Department of Signal Processing and Acoustics, Aalto University, Finland.
Department of Signal Processing and Acoustics, Aalto University, Finland.
J Voice. 2024 Sep;38(5):975-982. doi: 10.1016/j.jvoice.2022.03.021. Epub 2022 Apr 27.
Automatic voice pathology detection is a research topic, which has gained increasing interest recently. Although methods based on deep learning are becoming popular, the classical pipeline systems based on a two-stage architecture consisting of a feature extraction stage and a classifier stage are still widely used. In these classical detection systems, frame-wise computation of mel-frequency cepstral coefficients (MFCCs) is the most popular feature extraction method. However, no systematic study has been conducted to investigate the effect of the MFCC frame length on automatic voice pathology detection. In this work, we studied the effect of the MFCC frame length in voice pathology detection using three disorders (hyperkinetic dysphonia, hypokinetic dysphonia and reflux laryngitis) from the Saarbrücken Voice Disorders (SVD) database. The detection performance was compared between speaker-dependent and speaker-independent scenarios as well as between speaking task -dependent and speaking task -independent scenarios.

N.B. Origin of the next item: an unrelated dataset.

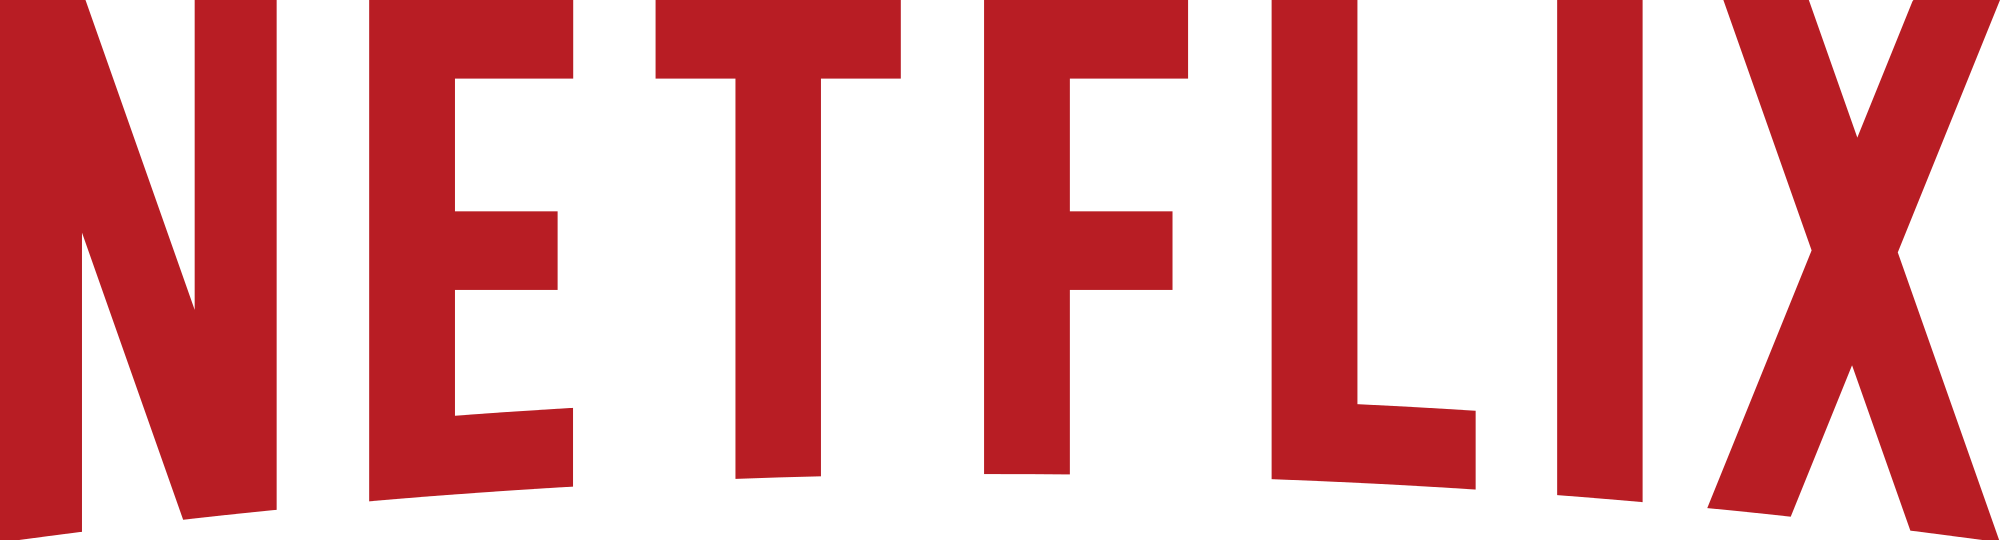 netflix logo transparent background
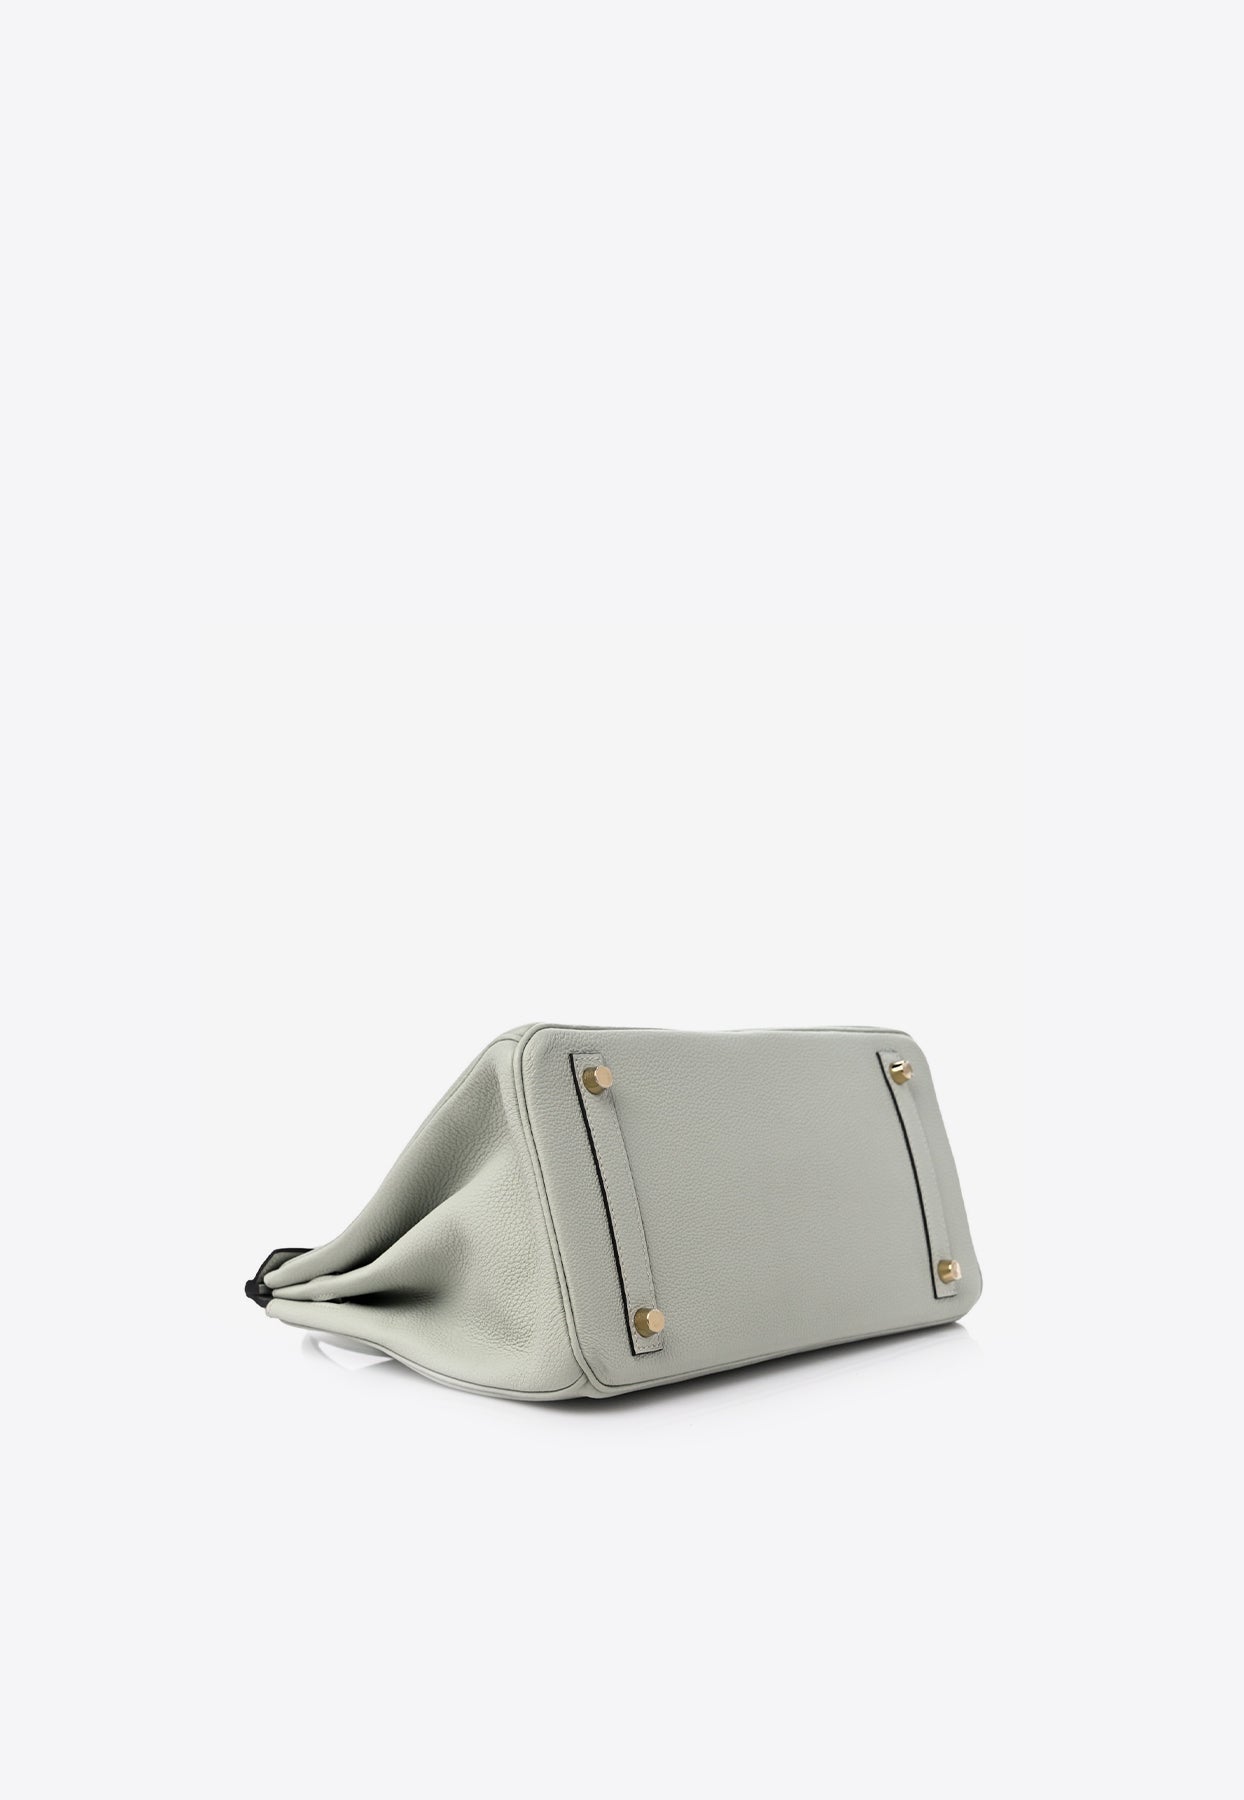 RARE* Hermès Birkin Bag Retourne 30cm in Gris Neve Togo Leather

The Support Vector Machine, which is the most widely used classifier in the study area, was used as the classifier. The results show that the detection accuracy depended on the MFFC frame length in all the scenarios studied. The best detection accuracy was obtained by using a MFFC frame length of 500 ms with a shift of 5 ms.
自动语音病理学检测是一个研究课题,最近越来越受到关注。虽然基于深度学习的方法变得越来越流行,但基于两级架构(特征提取阶段和分类器阶段)的经典流水线系统仍然被广泛使用。在这些经典的检测系统中,逐帧计算梅尔频率倒谱系数(MFCC)是最流行的特征提取方法。然而,还没有系统的研究来研究 MFCC 帧长度对自动语音病理学检测的影响。在这项工作中,我们使用来自 Saarbrücken 语音障碍(SVD)数据库的三种障碍(多动性发音障碍、运动性发音障碍和反流性喉炎)研究了 MFCC 帧长度对语音障碍检测的影响。在说话者相关和说话者无关的场景以及说话任务相关和说话任务无关的场景之间比较了检测性能。支持向量机(Support Vector Machine)是该研究领域最广泛使用的分类器,被用作分类器。结果表明,在所有研究的场景中,检测准确性都取决于 MFCC 帧长度。使用 500ms 的 MFCC 帧长度和 5ms 的偏移量可以获得最佳的检测准确性。